Tuesday, October 27, 2009

It runs hollow

I blew up. I freaked out. I drowned. I had the last straw and I gave it to them. Yesterday was the worst. Started the day off with the princesses in a fight. And of course #1 took it out on everyone, including me.BS english bores me to death. The Q girl lied her face off in seminary and ruins the spirit. How stupid do you think we are?? Lunch comes and #2, in "her quest to be different and oh so wondrous" leaves me with a smile. Whatevs. I have math to do anyways. Don't eat lunch. Just sit there with my math book. Numbers, graphs, factor, factor, factor. During math I get work off, oh yay, today might turn around.

NOPE.

Home: my personal nightmare. Walk in the door.. "Here's the deal." I'm supposed to drive without my license? Aren't you supposed to be the responsible one? Whatevs.. of course A turns it into a huge deal. As always. Makes me feel stupid. D doesn't care. Bank: We are so proud. Blah blah blah. So much savings, so many accomplishments. Grabbed by the arm, pulled out, shoved away. Neither care. Target: Followed around like a five year old. Leave me. Please. Just leave me. Pushed away again. Sick and tired of this crap. And not one reaction. He plays the "hurt" card.. they take it. Of course. TO WANDA!!!! That's the moment I snapped. Right there, turning out of Target, across from Walmart. Snap. SNAP. snAP. I say the things I shouldn't. You're a jerk, I know. And again, play the hurt card, but it's different. Fell for it again. A down in his room. Oh please. Nice. They whisper in the kitchen. About me. Uhm. Still here!! Do they not realize I can hear? Am I invisible? Deaf? It's the last week of the term and my friends are out. Away. Whatever. Not an arm around my neck. Not a hand. Not a shoulder. None. And home is supposed to be my haven? I don't think so.. the DISAPPOINTED ACT???? Are you serious? How ironic. Last night I said I was a disappointment. And they bring that one on. Silence. I go into the numb mode. It scares me alot..
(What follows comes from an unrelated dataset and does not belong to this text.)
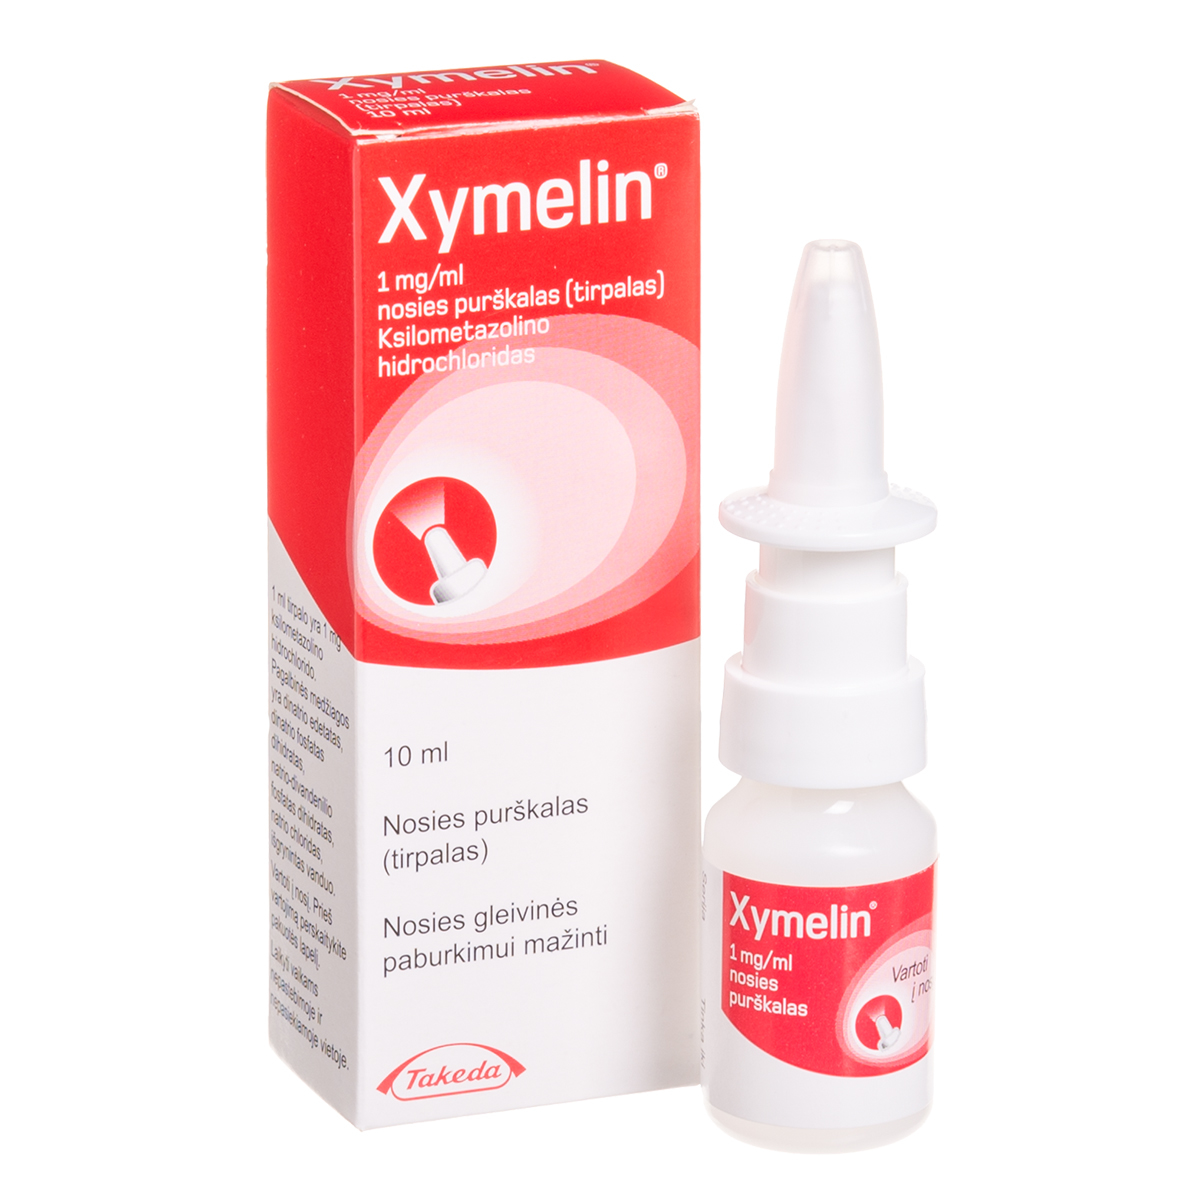 XYMELIN, 1 mg/ml, nosies purškalas (tirpalas), 10 ml

Running through my head: I am always the shoulder to cry on. And if I can't fix it, I freak. Especially with him. I can't do anything about her pain, her sadness, his pain, his doubt. I can't change it. And I cry. So many people need me. I have so much going on, and I can't get through it alone. Numb mode: Auntie is there. The only person who has asked me if I'm okay, looked into my eyes, and genuinely wanted to know. ---They ask what they did wrong. THAT'S WHAT. They didn't care when I needed them. They didn't even try. The could both sense it, and yet one just ran in the opposite direction and one waited for it to blow over. That is what happens every time. And that is where the core of my anger is coming. It is smothered and basked in sadness. But the anger is for them. To let them know that the promise of supporting me forever is pretty much shot to heck now.
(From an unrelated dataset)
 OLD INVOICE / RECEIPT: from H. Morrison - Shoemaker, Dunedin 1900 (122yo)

SPACE. The best thing for me right now is space. Something they don't understand. I told her I was leaving. She did not tell me no, but she brought out the bull about respect. Don't even try and pull that one on me. You don't respect me. Auntie let me cry, draw, be, talk. Just breathe. That is what I needed. What I still need. And yet they shut me out. Shut me down. So I left.

I will not tell them my problems, my sadnesses, my broken heart, the burdens I feel. Because if they didn't want to hear it when I needed them, they don't need to hear it now.
They don't realize how much I have on my shoulders. And I won't bother them with it anymore. That is all I am. A bother. Auntie tells me I'm carrying too much, that I must lay it at His feet. But I'm struggling with that.

So he dropped me off, I told him I loved him, and he returns with: "It runs hollow, but I love you too." I can tell yesterday is just gonna carry on through today... suckish..just suckish. I would rather have gotten a "I hate you" than something running hollow.

I told someone I loved them last night. They replied with "Thank You". I am foolish, stupid, naive. Even when I need him the most, he won't try. This guessing game is getting old. The guessing game of high school.. Sigh. I'm over it. And by the second, each piece of me becomes more hollow. They tell me "serious consequences". No. You are my punishment.